Mineola reorganization plan postponed over resolution’s wording

Richard Tedesco

The Mineola School Board delayed a decision to put a second school consolidation bond for $6.1 million up for a vote last Thursday night when what seemed to be a pro forma approval of a requisite resolution clearing prospective construction at the Jackson Avenue School became a stumbling block to putting the bond up for balloting.

The pro forma resolution, asserting that the size of a new multi-purpose room to the Jackson Avenue School did not require environmental impact review, became a point of contention when board member John McGrath pointed out a discrepancy in the size of those additions in supporting documents. One document described it as a 2,500-square foot addition, while another put it at 3,300 square feet. In combination with a 9,000-square foot addition for an eight-classroom addition to the school, that could mean the added space would exceed 10,000, potentially prompting an environmental evaluation.

“Because of the discrepancies, I have a hard time voting ‘yes’,” said McGrath, who said he was poised to vote against the bond vote anyway.

McGrath said he wanted an assurance from H2M, the architectural firm overseeing the project, that the size did not raise any environmental issues with the nearby Mineola Park.

Mineola Superintendent of Schools Michael Nagler pointed outs that the board had passed the identical resolution prior to approving the $6.7 million school consolidation bond proposal that recently failed.

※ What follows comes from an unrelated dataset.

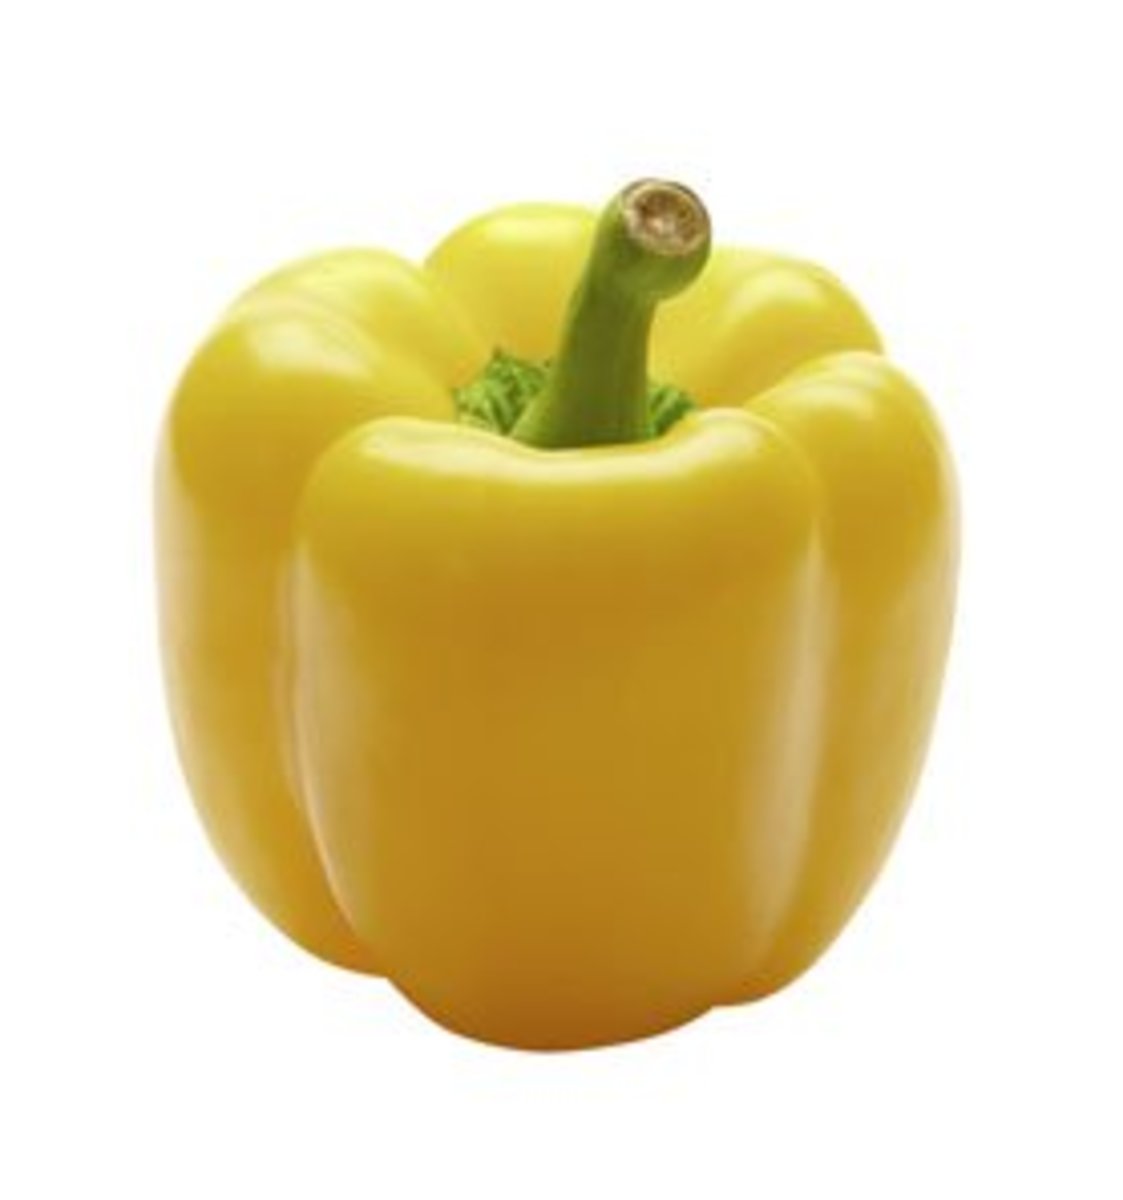 Yellow bell peppers are good plain or cooked.
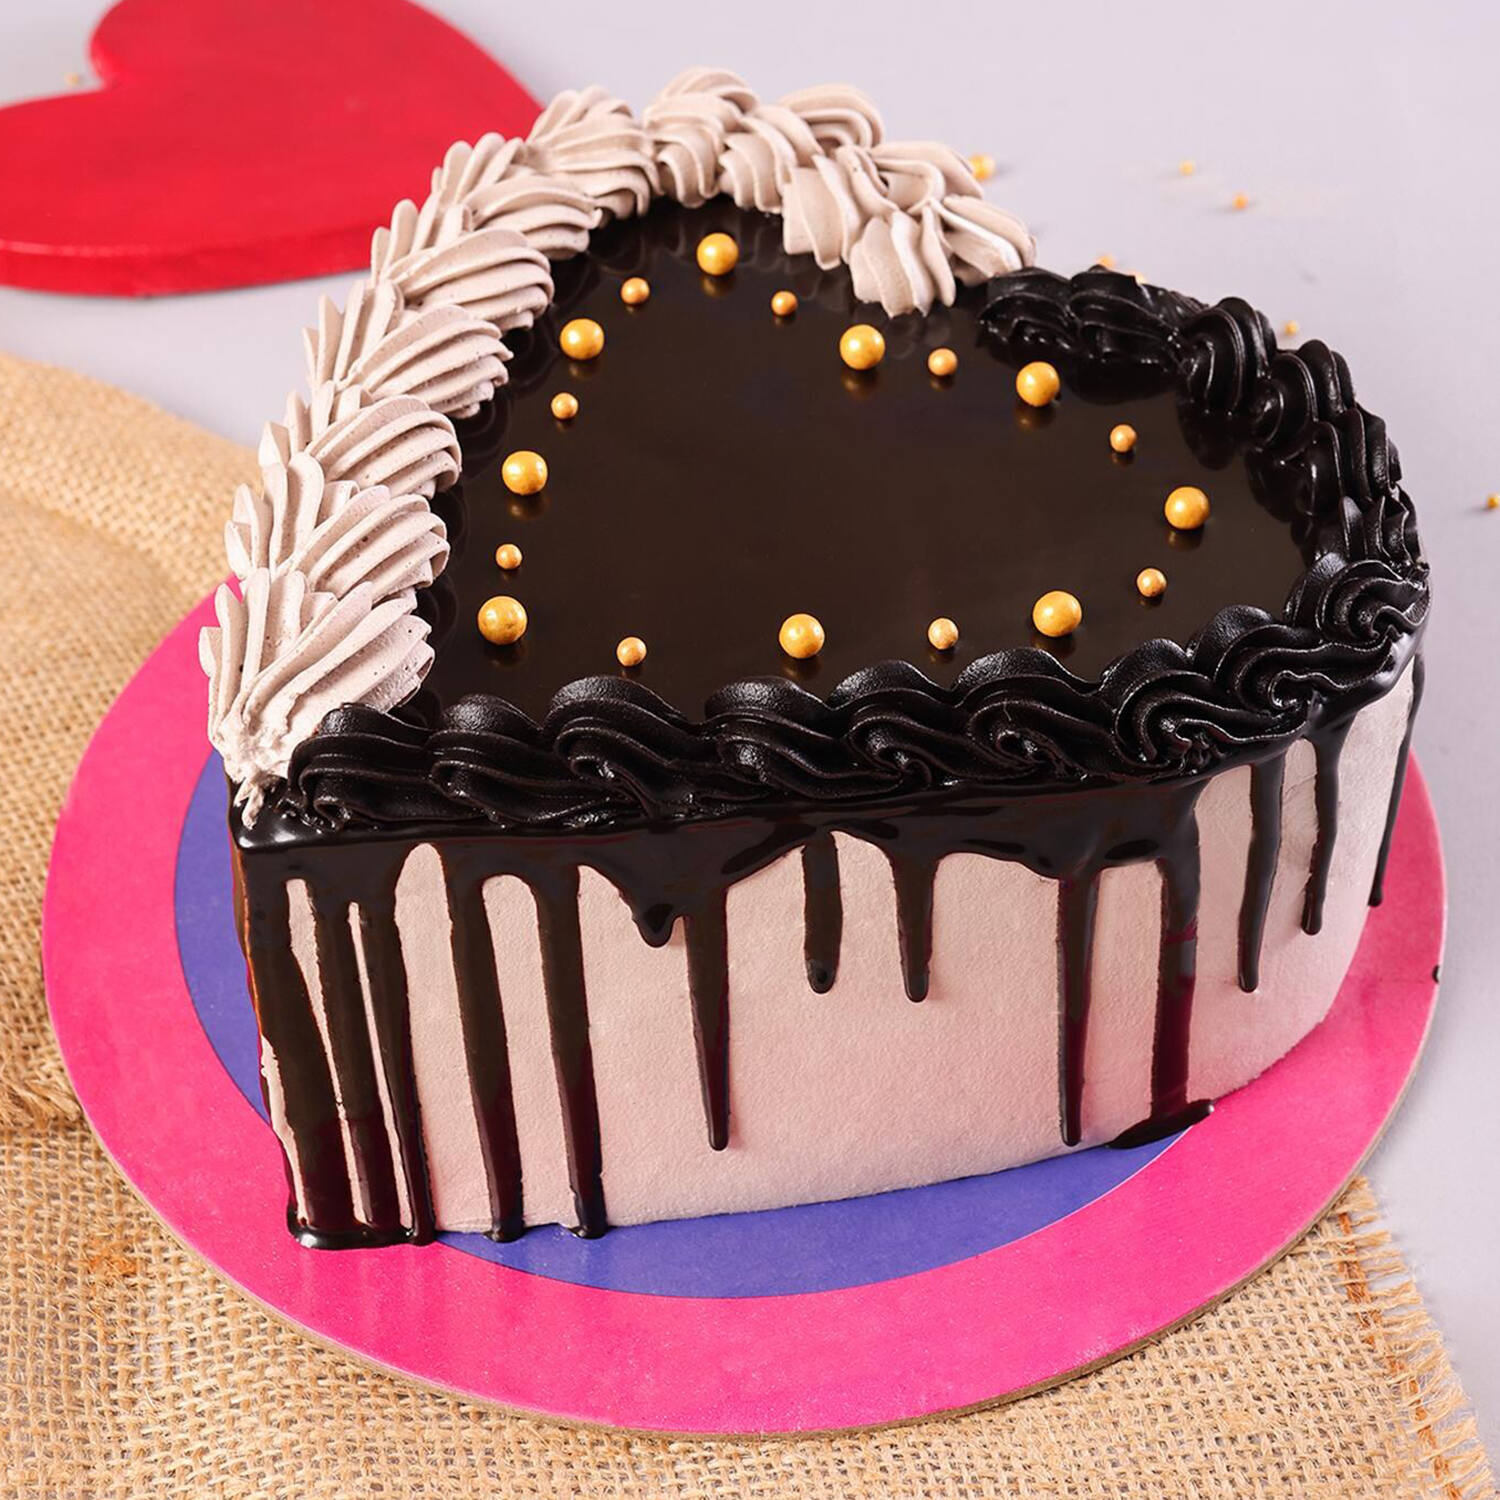 HOW TO MAKE A HEART CAKE - this Valentine's Day for only $6

“This is the same SEQRA [State Environmental Quality Review Act] resolution that we passed six months ago with no challenges. I don’t understand what changed,” Nagler said.

McGrath moved to table the SEQRA resolution, board member Irene Parrino seconded it, and board president Terence Hale provided the third vote to support the motion 3-2. Board vice president Chritsine Napolitano and board member William Hornberger voted against tabling it.

Parrino said afterward that she would likely have voted against putting the $6.1 bond proposal up for a vote.

Before McGrath’s expressed his misgivings about the square-footage discrepancy, Nagler gave a summary of what the $6.1 million bond involved. He explained that the two-part proposition offered a first option of a $4.4 million bond for the expansion of Jackson Avenue and a second option of a $1.7 million bond to expand the Hampton Street School for grades pre-K through 2, eliminating the Willis Avenue School from the mix. Without the second option, the Meadow Drive School and Willis Avenue would house grades pre-K through 2.

Nagler explained that the second option would only be enacted if the first option passed, noting there would be no additional cost to keep the Willis Avenue facility, the district’s largest and newest building.

“We do have a perfectly good building here. You don’t have to spend $1.7 million to switch,” he said.

During a public comment period, a few residents said they favored the $1.7 million option, but didn’t like the idea of spending $4.4 million for the Jackson expansion. But that expansion would be needed to accommodate grades 3 through 5 at Jackson and keep eighth graders at the middle school. Many residents objected to the initial $6.7 million bond option because it would have shifted 5th graders to the middle school and 8th graders to the high school.

Ann Marie Regan, a member of the Community Committee on Consolidation, said that group’s preferences were not expressed in the options offered by either bond configuration.

“We said Willis was not a viable school for the children. We were told Hampton was a tight fit, but it would work,” she said.

Regan said the CCC has also favored clustering grades in common schools starting in grade three, rather than the first three elementary grades.

“I think we should only close one school,” one woman said.

But the meeting ended without definitive action on the intended business of formally putting up the second $6.1 million bond proposal up for a vote in February, toward the objective of closing two schools. But the non-vote will not delay a prospective February ballot on the bond proposal.

“I’m disapointed because I think we’re going to have the same answer as we did prior to this,” Napolitano said afterward, adding that additional space on the Jackson Avenue would not be an impediment to passing the SEQRA resolution.

The impact of the decision the school board took nearly a year ago, and the default option that would also close two schools – Cross and Hampton in that order over the next two years – still looms if the second bond proposition isn’t approved.